Grinder & meat slicer.
Good prep knives are a big plus, along with cleavers.

We have used the older, heavy cast iron grinders, the smaller 'Food Processor' type grinders,
And if you can afford it, the Kitchen Aid with grinding attachment is a very happy medium.

The big old cast iron versions will last forever, but they are a pain in the arse to motorize,
The smaller ones don't hold up very long, grinding heavy meat chunks takes a lot of force.

There are a couple dedicated grinders out there but I haven't personally used them.
They look like they are stainless steel which makes for no rust and fast cleanup.

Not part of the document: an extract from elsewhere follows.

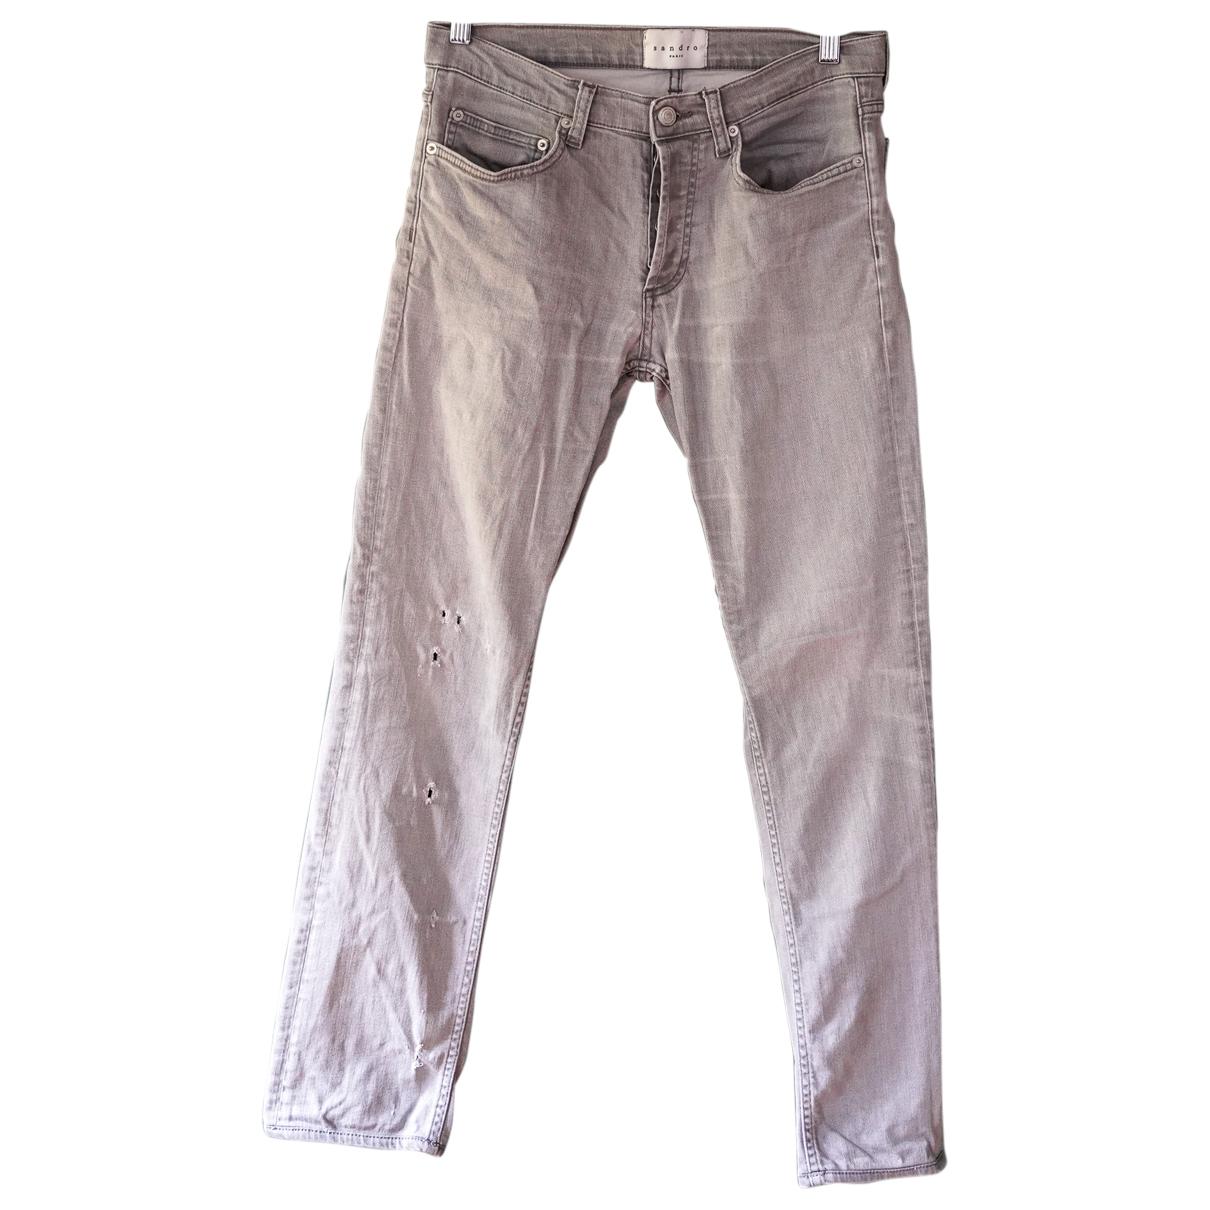 Sandro \N Grey Cotton - elasthane Jeans for Men 30 US

Its a lot of work, but homemade sausage is SO GOOD!

Most processors add fat to a lot of things because game is very lean, you might want to keep that in mind...
Fat chunks aren't always easy to get ahold of.

A cheap source of food grade stainless for bench tops is old stainless fridges.
Find one someone is scrapping, use sides/doors for bench tops (over subsurface material).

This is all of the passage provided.